To modify the list we could replace one of the lists elements.

lex_listor[0] = "yellow"
lex_listor
['yellow', 2, 3]

Tuples

Tuples are one of the primary data types utilized in Python. They are declared using parentheses ( and can contain any data type:

my_tuple = (1,2,3,4,5.5,"some_text")

In general, when you see or think "parentheses" in Python, you should think tuples. However, there is one notable exception. When utilizing tuple comprehensions, you would expect that the logic within the parentheses would create a tuple object. For example, in the code below, you would expect the output to be a tuple with the values 0, 2, 4, 6. However this type of syntax creates a generator:

not_a_tuple = (i*2 for i in range(4))
print(not_a_tuple)
<generator object <genexpr> at 0x7ff1b0188510>

In order to make sure that the output is a tuple, you would need to explicitly declare it:

now_a_tuple = tuple(i*2 for i in range(4))
print(now_a_tuple)
(0,2,4,6)

Another key feature of tuples is that they are immutable (not mutable).

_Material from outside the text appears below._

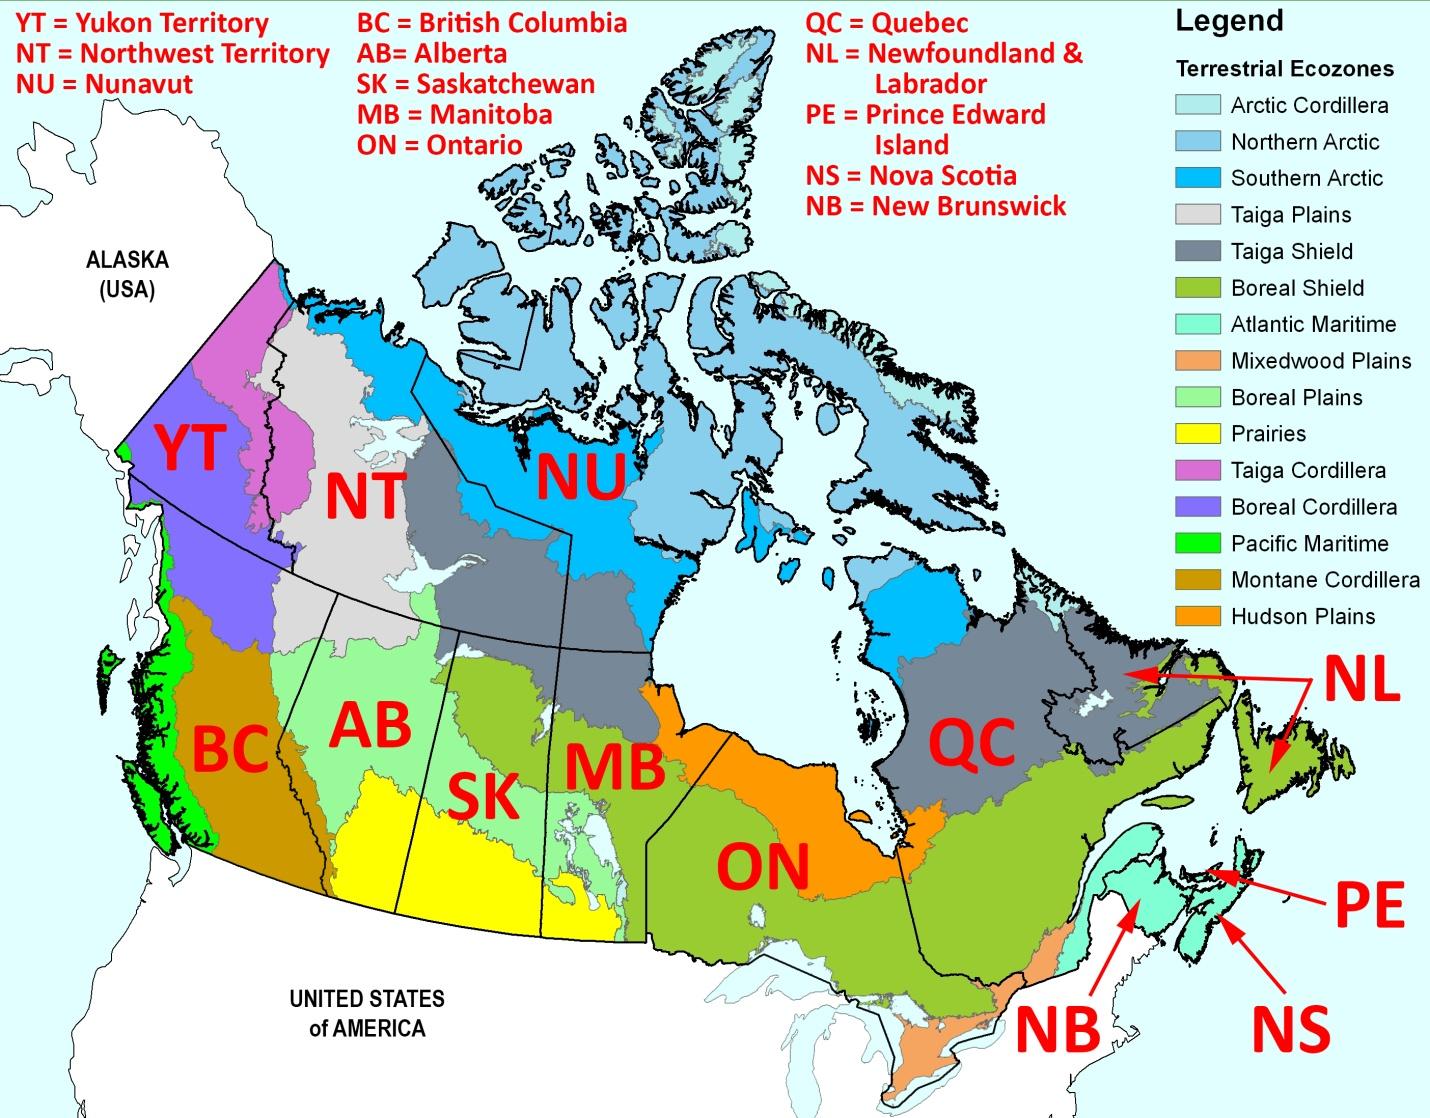 Map of Canada showing terrestrial ecozones

This means that, once they are declared, they cannot be modified. For example, if you try to change a single element of a tuple after it is created, then Python will give an error:

my_tuple = (1,2,3,"tuples are cool")
my_tuple[3] = "I prefer lists"
Python error :(

If you do need to change an item, it is pretty straightforward to convert from a tuple to a list:

i_want_to_be_a_list = (1,2,3) # Right now it is a tuple.
now_its_a_list = list(i_want_to_be_a_list)
print(type(now_its_a_list))
<class 'list'>

You can also create a tuple of tuples!

tuple_of_tuples = (3, 'hi', False), (1,2)
tuple_of_tuples
((3, 'hi', False), (1, 2))

if we wanted to extract an element of tuple, we can use square brackets with an index.

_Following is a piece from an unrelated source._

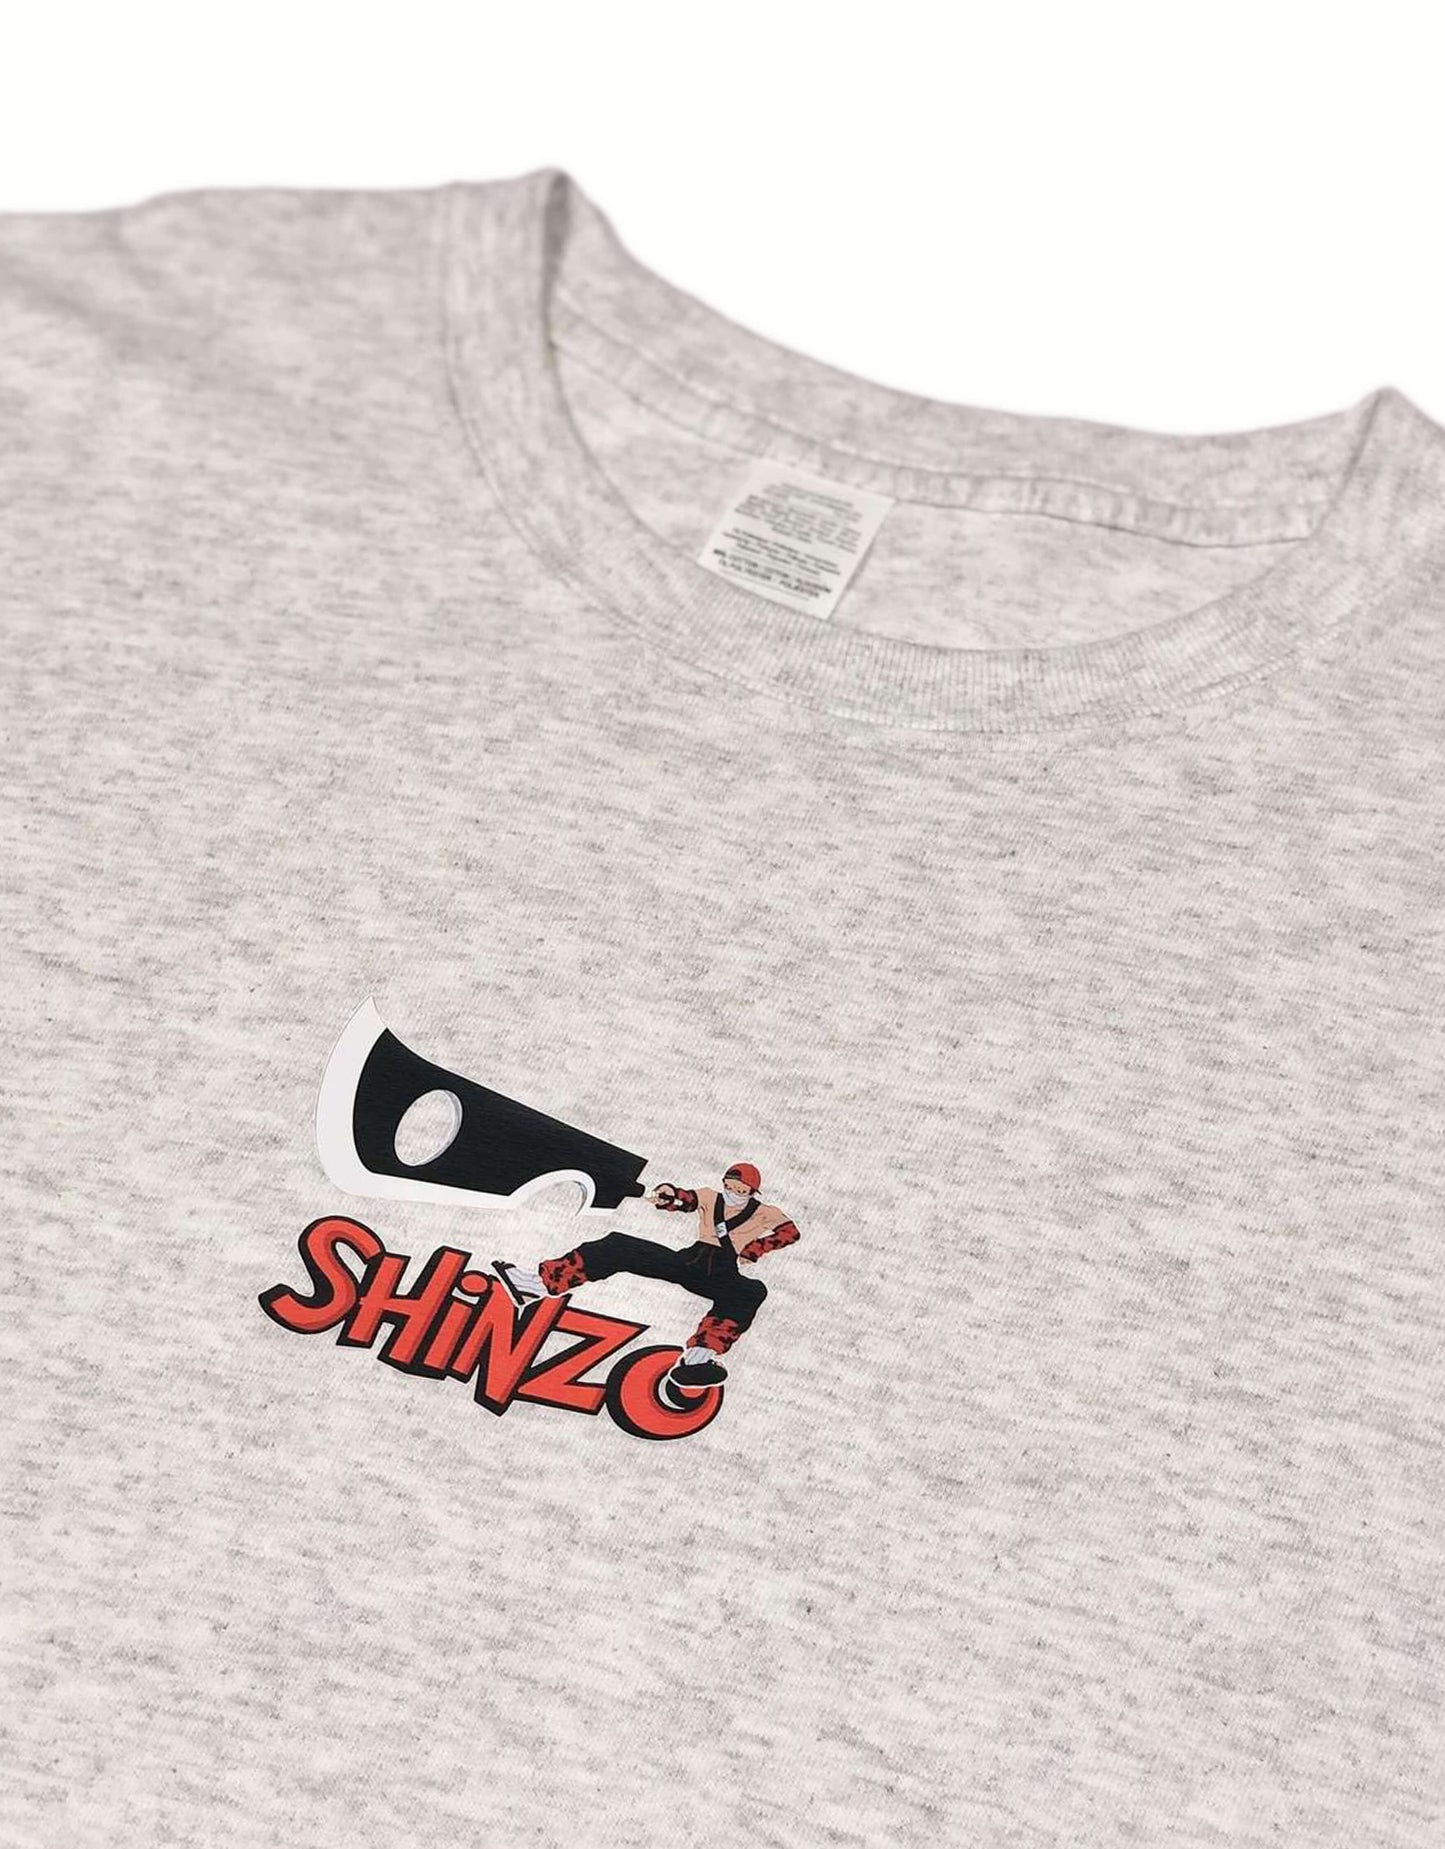 Shinkaza T-Shirt Snow Marle

tuple_dif_types = (3, "hi", False)
tuple_dif_types[0]
3

Indexing

R and Python are similar in a lot of ways. One key distinction to understand is how they index values. Python is 0-indexed whereas R is 1-indexed. What does this mean? In practice, this means that the placement of items in R always starts with 1. In comparison, Python starts numbering with a 0. It is a little easier to understand in an example:

my_r_list <- c("first", "second", "third", "fourth")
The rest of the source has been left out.